Netanyahu requests release of gruesome Oct. 7 footage

The aim is to create a version that, while censored, still conveys the impact of the events.


In the wake of the recent release of a video showing the abduction of female soldiers from the Nahal Oz base, Prime Minister Benjamin Netanyahu has requested the Israel Defense Forces (IDF) to release a modified version of the 43-minute video documenting the brutal events of the Hamas massacre on Oct. 7.

This video, which includes graphic content such as murders and severe visual assaults, is intended to be shortened and slightly censored for global distribution.

Following the directive from the premier, the IDF is now working to “prepare” the video by seeking consent from the families of those killed and wounded who appear in the footage.

This process involves navigating legal issues and respecting the fundamental rights of each family to decide whether their most difficult moments should be publicly viewed.

The aim is to create a version that, while censored, still conveys the impact of the events.
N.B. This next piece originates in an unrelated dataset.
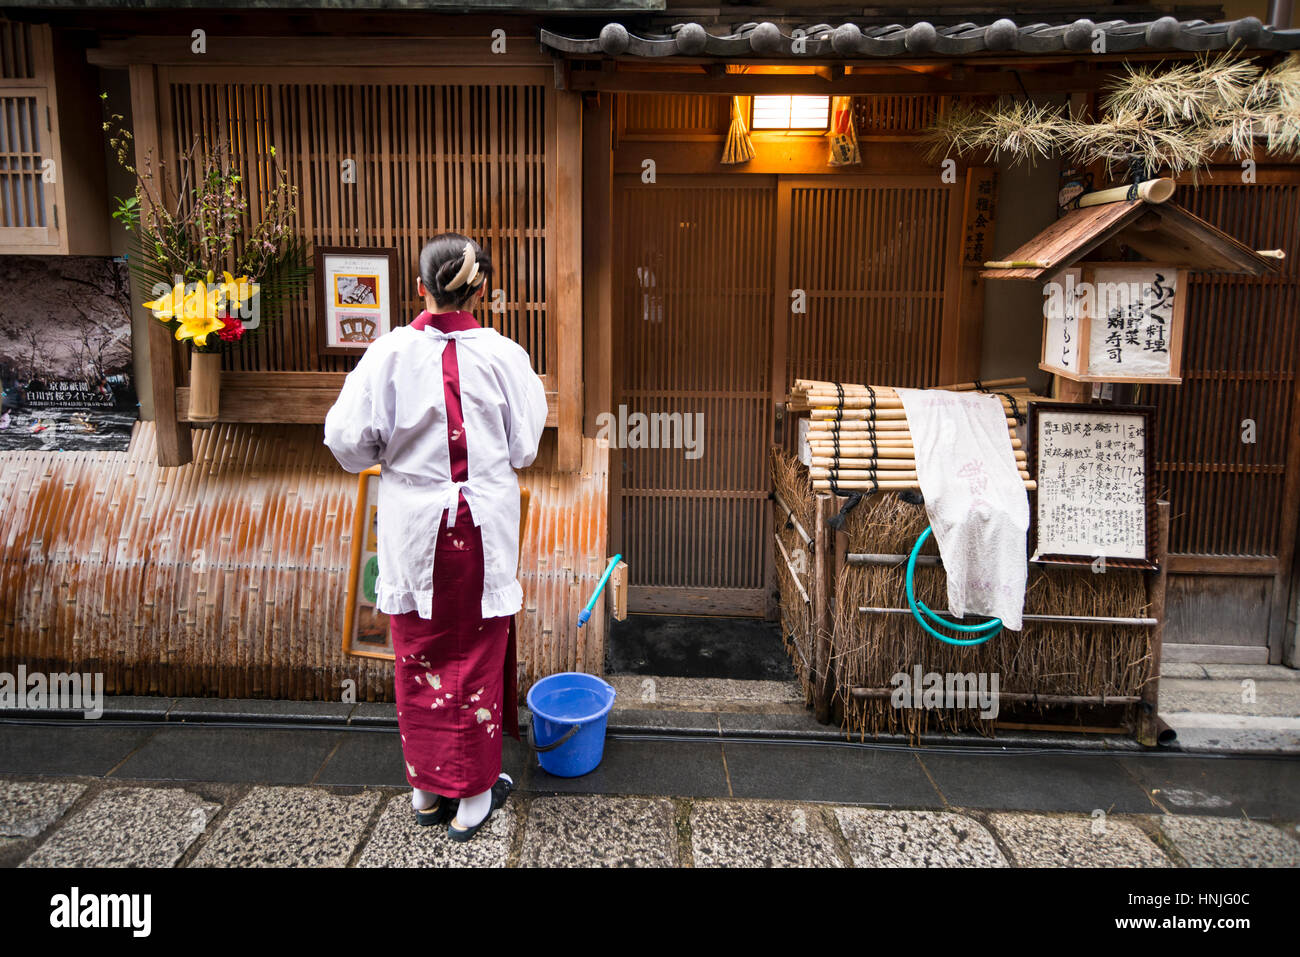 A female worker cleaning entrance of restaurant before opening, Gion District, Kyoto, Japan Stock Photo

At the end of October, members of Israel’s parliament were invited to view a compilation of video footage showing some of the atrocities committed by Hamas terrorists on Oct. 7. The screening, held behind closed doors, was organized following a request by Knesset Speaker Amir Ohana to the IDF Spokesperson’s Unit.

This footage, which had previously been shown to the foreign press, included recordings from body cameras worn by Hamas terrorists, security cameras, dashcams, smartphones and social media accounts. Several MKs had to leave the screening early due to its graphic nature, and one fainted after watching the footage.

In early November, the Israeli Embassy in Washington screened raw footage of Hamas atrocities to over 30 U.S. lawmakers and foreign dignitaries. This screening marked the one-month anniversary of the massacre and featured the same 43-minute video.

Later in November, then-Foreign Minister Eli Cohen expressed outrage after Belgium’s Federal Parliament refused an offer from the Israeli Embassy in Brussels to screen the video compilation.

Cohen criticized the decision on social media, stating, “In your decision not to screen in parliament the video depicting the atrocities, the president of the Parliament of Belgium is turning a blind eye to the war crimes and crimes against humanity committed by Hamas.”